In our case, the story―someone else’s mind you―that we had accepted as our truth, was that my mother’s condition would continue to rapidly deteriorate until she was nonfunctioning, nonverbal and bed bound, while we burnt out.

If I tell you that the night my father met my mother she was wearing a green dress, everyone in this room will envision a different hue of green, ranging from subtle variations to extreme. We don’t think about this―but what we call reality is highly subjective.

So that evening, my father and I examined the thoughts that were shaping our experience, and we discussed how to change our narrative. This next poem was written shortly after that conversation.

Letting Go of Letting Go

The art

Of letting go

Includes

Letting go

—Of letting go.

Each time

We make peace

With losing you

You seem

To make peace

With staying.

This new serenity In you

—A mirror

Of our own.

Set free

In our hearts

And minds,

Your vitality

Returns

Us

To this present.

Reminds

Us to be present

With you

—Here

Now—

As you are

For as long as

You will be.

For my father, changing the script meant refocusing his attention on my mother and his love for her―not her disease. He made plans to take her to Ocean City, where they’d spent time as young adults. We woke up in the middle of the night, took a picnic and made an outing of going out to watch the lunar eclipse. He and my mother dressed up for Halloween.

Slave to Love

Your husband and I

Looked at old photos

Of you.

We framed

His favorite.

When he saw it,

He proclaimed—

“Man!

Was she ever

A knockout.

I am such a lucky guy.

I am a slave to love.

How else

—Could I do

What I do?”

When he showed

You

The photo

He said—

“That’s my

Les-eee Baby!

Man!

Would I like to take her to bed.”

You frowned

And replied—

“She’s not tired.”

I found meaning by ascribing a higher purpose  to the work. A year before my mother’s diagnosis, I had begun writing a blog that focused on self esteem. I had made the conscious choice to share my story and the journey to heal self esteem on behalf of my two nieces and two nephews. Although they would undoubtedly have their own struggles, I hoped that my example, and my willingness to be vulnerable, might lend them inspiration and courage. Life is difficult; we need each others stories.

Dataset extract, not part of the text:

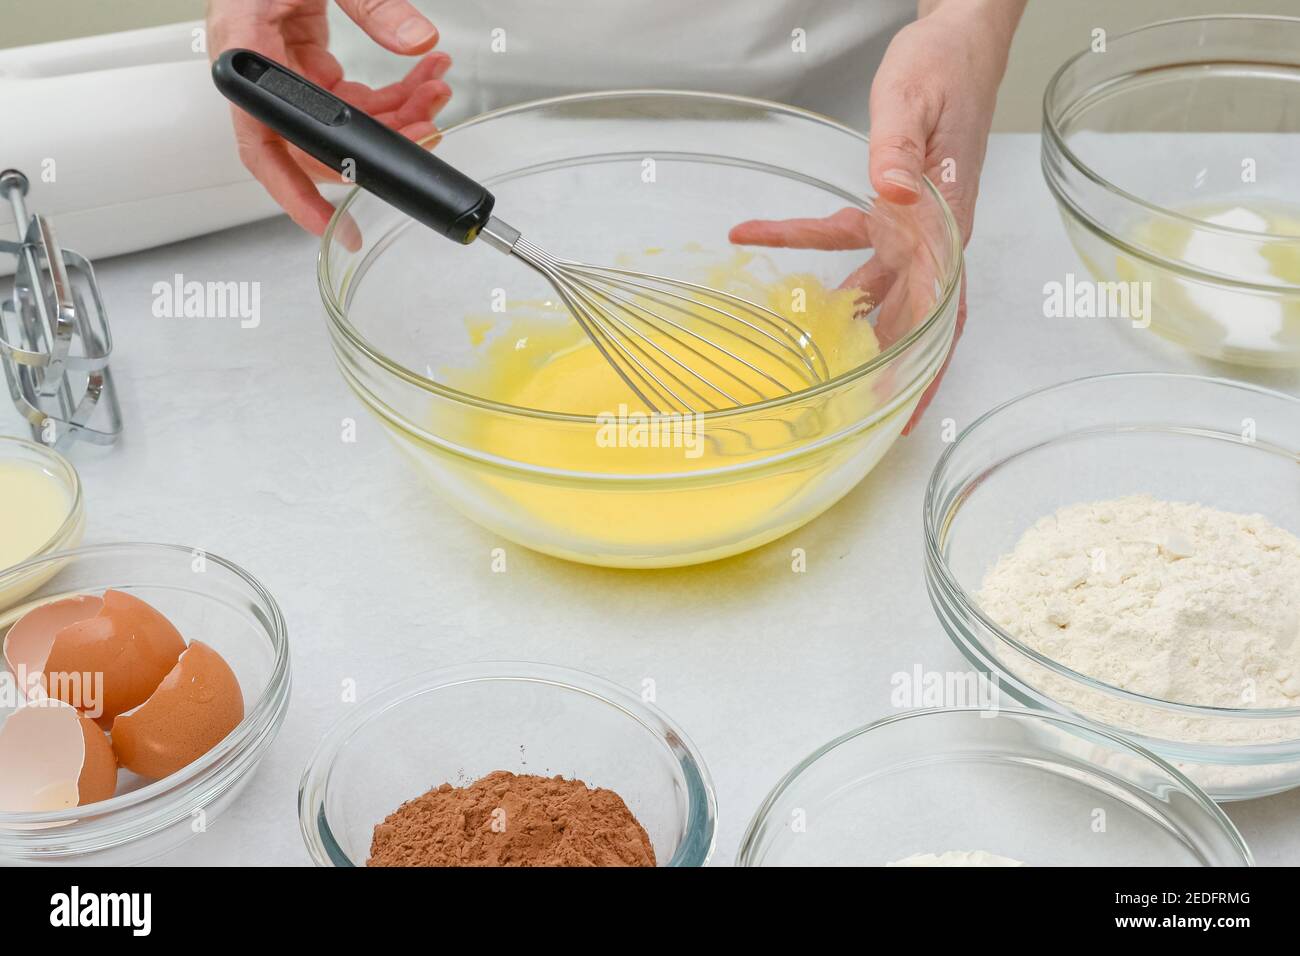 Torta di cioccolato passo dopo passo ricetta. La donna sbatte i tuorli d'uovo con lo zucchero in un recipiente di vetro, primo piano il processo di preparazione Foto Stock
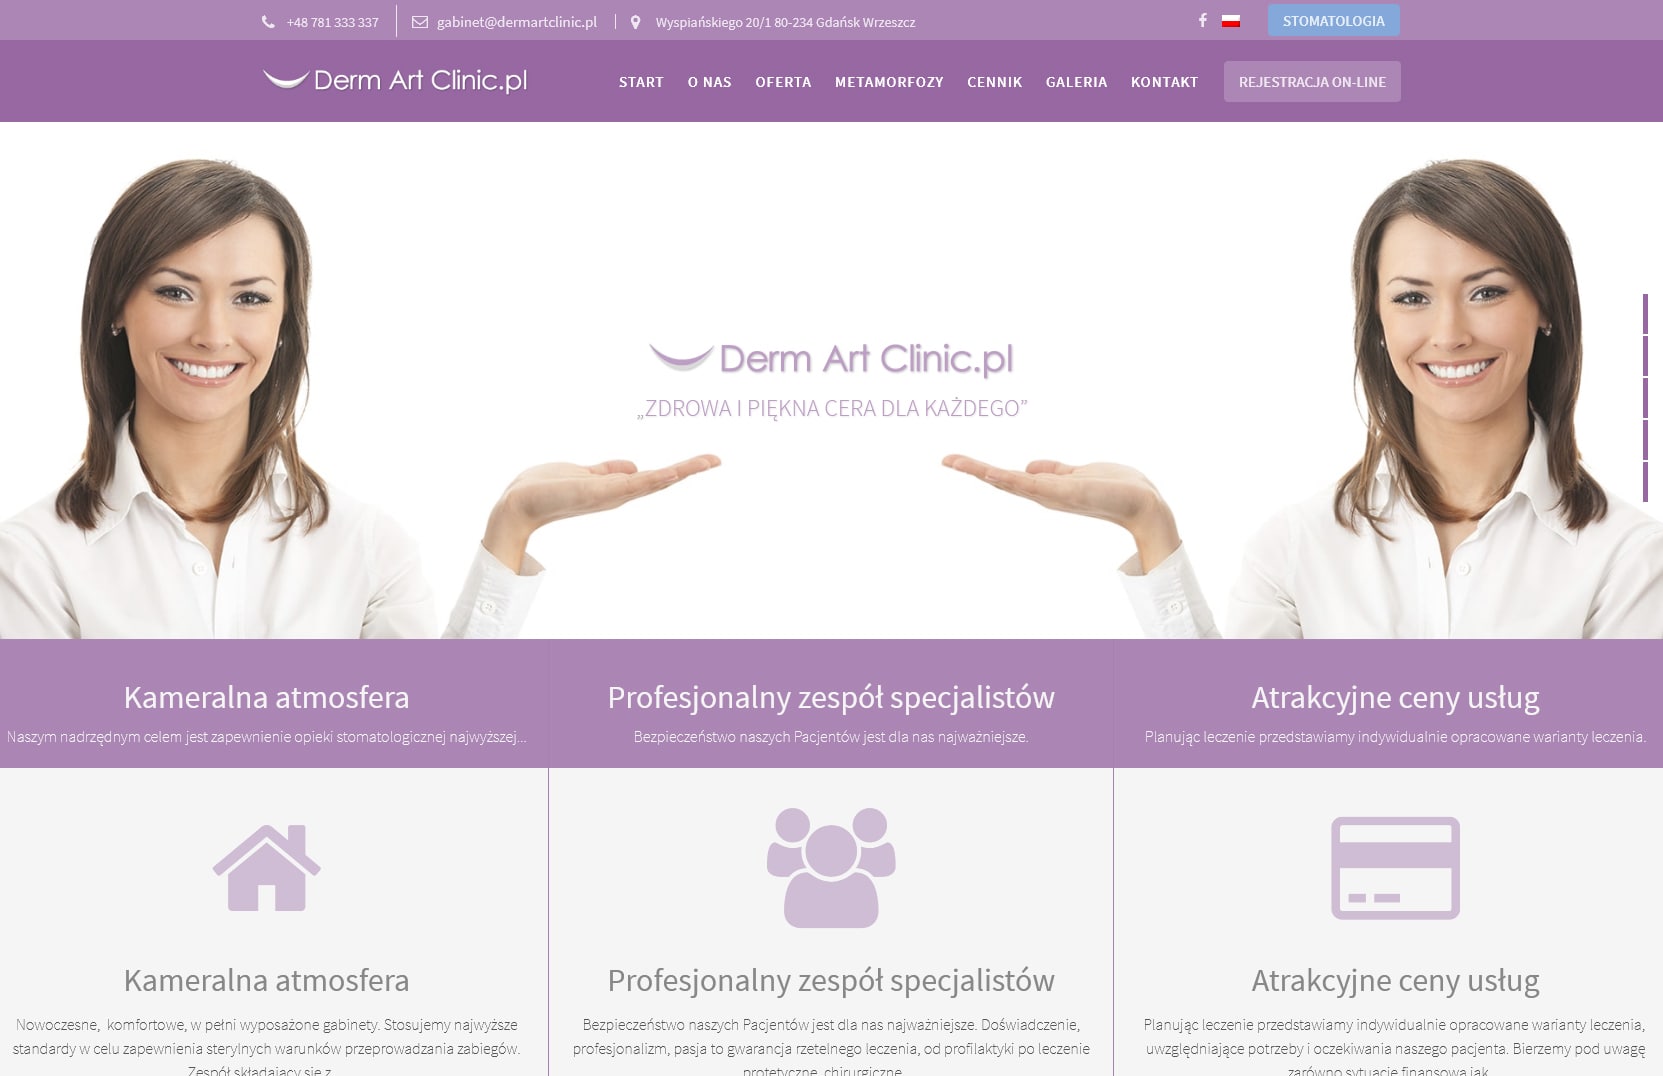 Strona internetowa gabinetu medycyny estetycznej z Gdańska Wrzeszcza.

In my personal mythology, my mother stood at the heart of most my self esteem issues. Here was an opportunity to reexamine and heal those stories―an opportunity I would not get again. Through my writing, I began to reflect on her, not as my mother, but as another human being. This is what happened.

Double Vision

To forgive you

—I needed

To see you.

In seeing you—

I saw myself.

There is a Jim Henson quote: “Life’s like a movie, write your own ending. Keep believing, keep pretending.”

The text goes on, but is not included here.